__PROBLEM REQUIREMENTS__.
Begin the copy at the line containing "出处。伦敦佳士得，拍卖会5795，拍品2" in the data below and end it at the line containing "1988,ТАРИЭЛ ВАРЛАМОВИЧ ГАБИДЗАШВИЛИ", keeping each line exact and leaving out pictures.

__RECORDS FOR THE EXERCISE__.
· · · ·
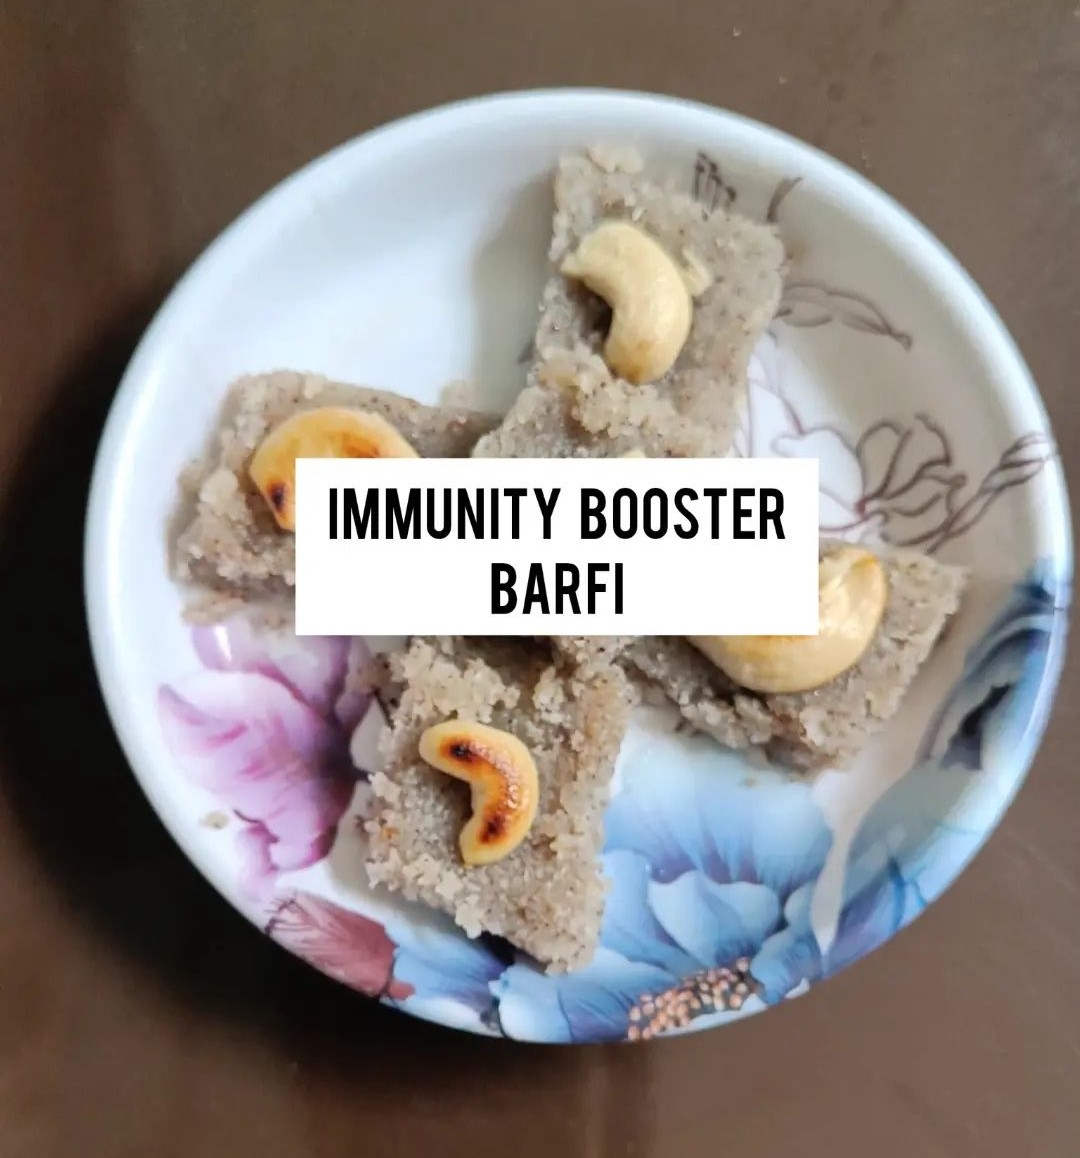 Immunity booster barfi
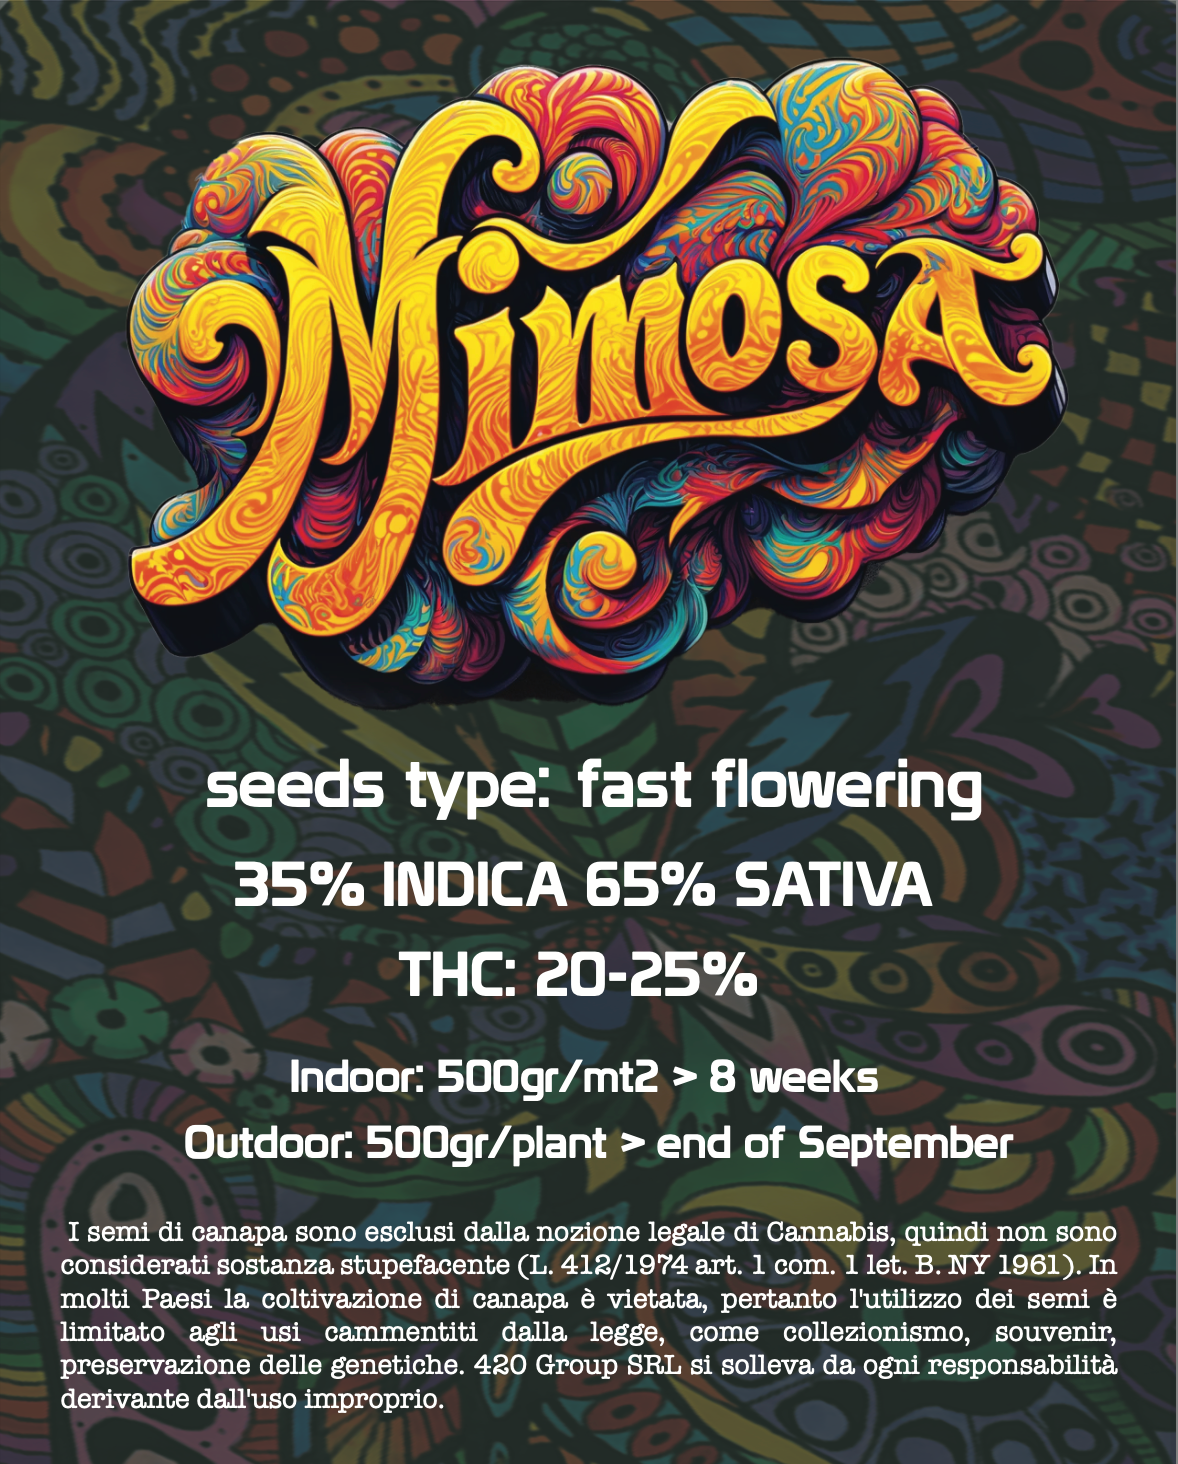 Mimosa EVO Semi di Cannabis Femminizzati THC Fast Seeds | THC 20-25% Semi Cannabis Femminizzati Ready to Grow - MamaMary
· · · ·
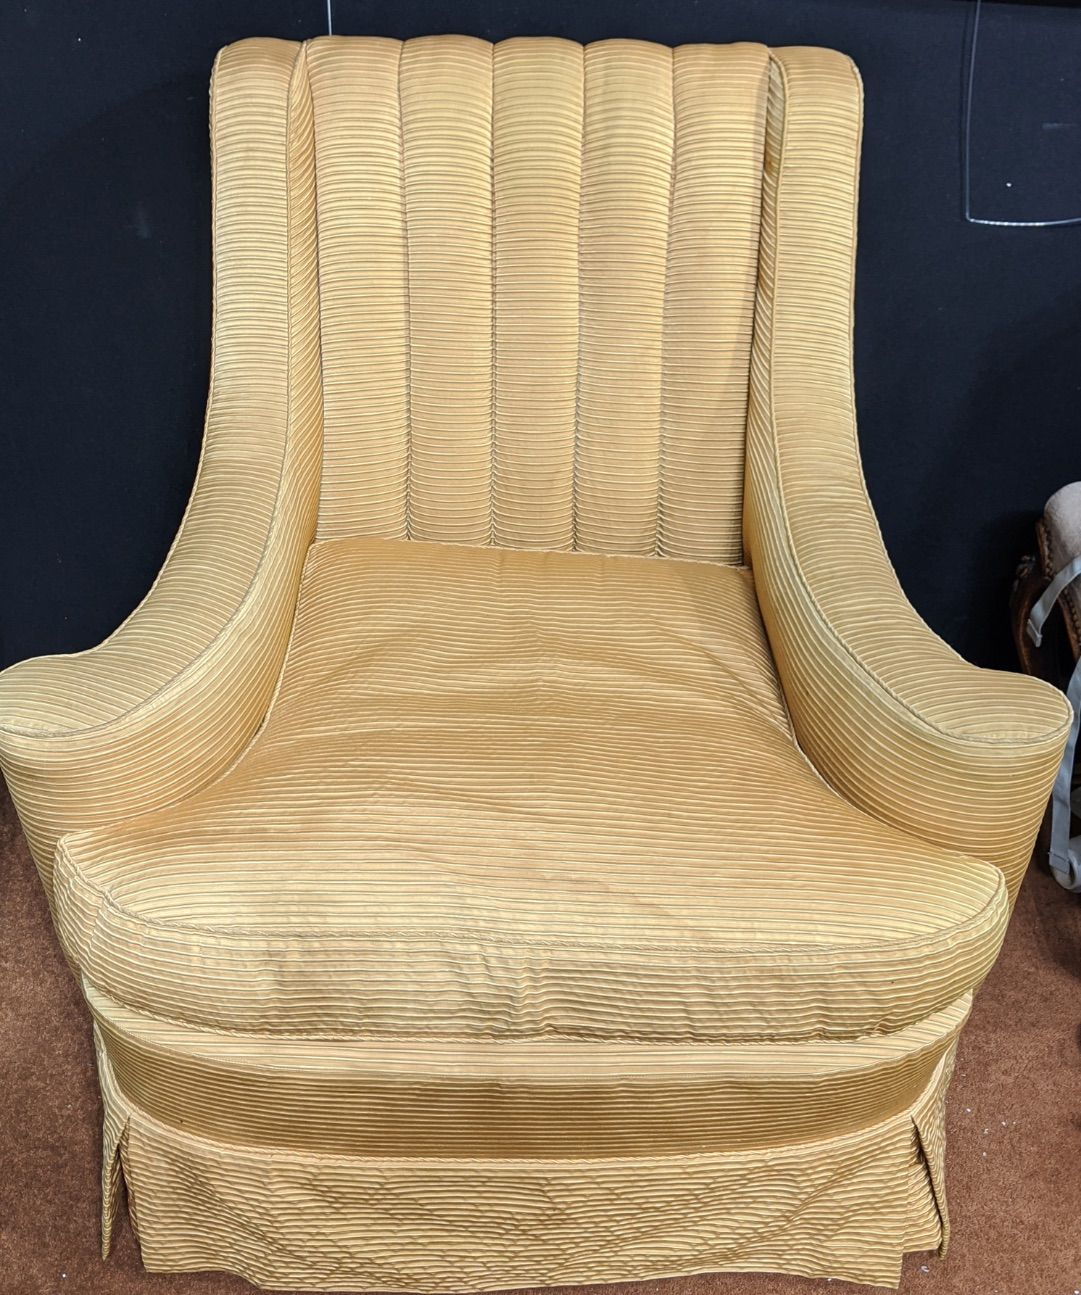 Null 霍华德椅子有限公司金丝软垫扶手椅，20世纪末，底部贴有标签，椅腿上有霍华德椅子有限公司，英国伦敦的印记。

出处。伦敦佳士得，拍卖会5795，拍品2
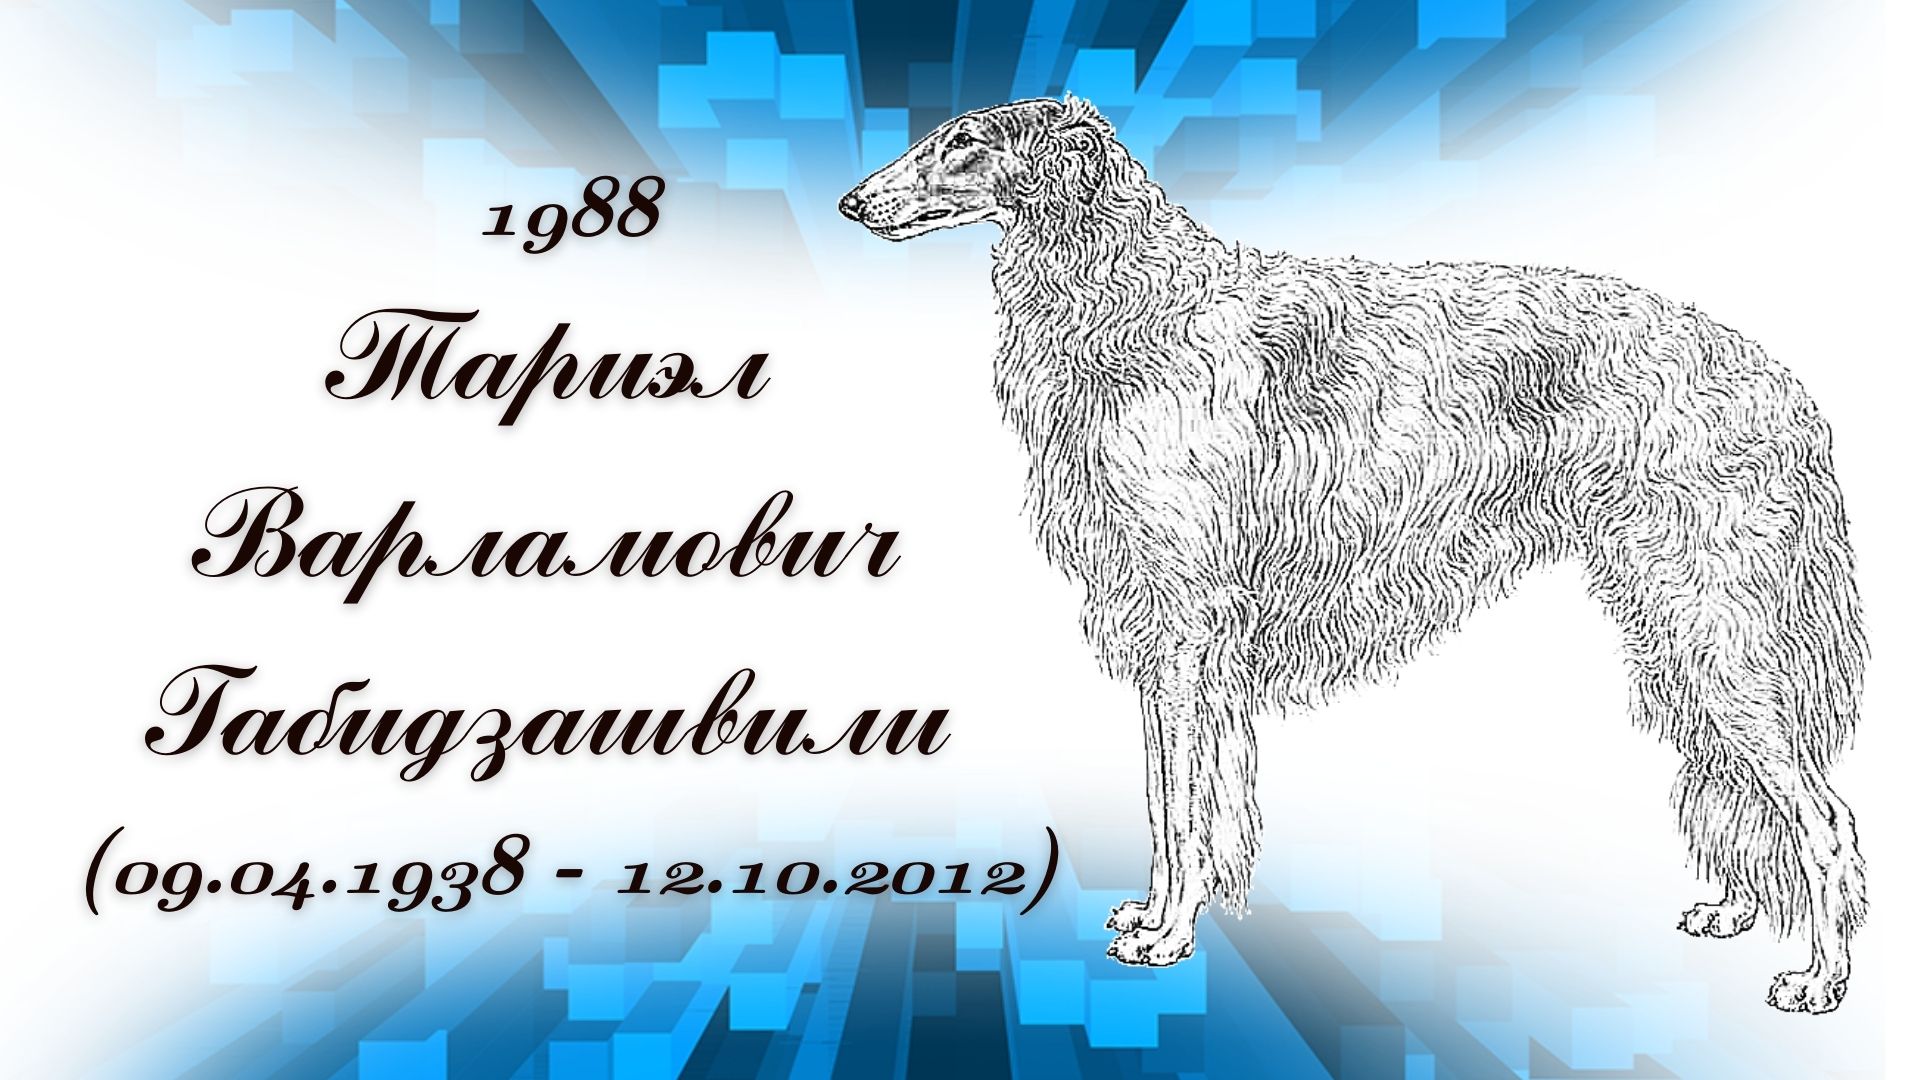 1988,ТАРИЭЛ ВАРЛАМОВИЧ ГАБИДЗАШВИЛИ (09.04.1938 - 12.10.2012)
· · · ·
__ANSWER SPACE__.
出处。伦敦佳士得，拍卖会5795，拍品2
 1988,ТАРИЭЛ ВАРЛАМОВИЧ ГАБИДЗАШВИЛИ (09.04.1938 - 12.10.2012)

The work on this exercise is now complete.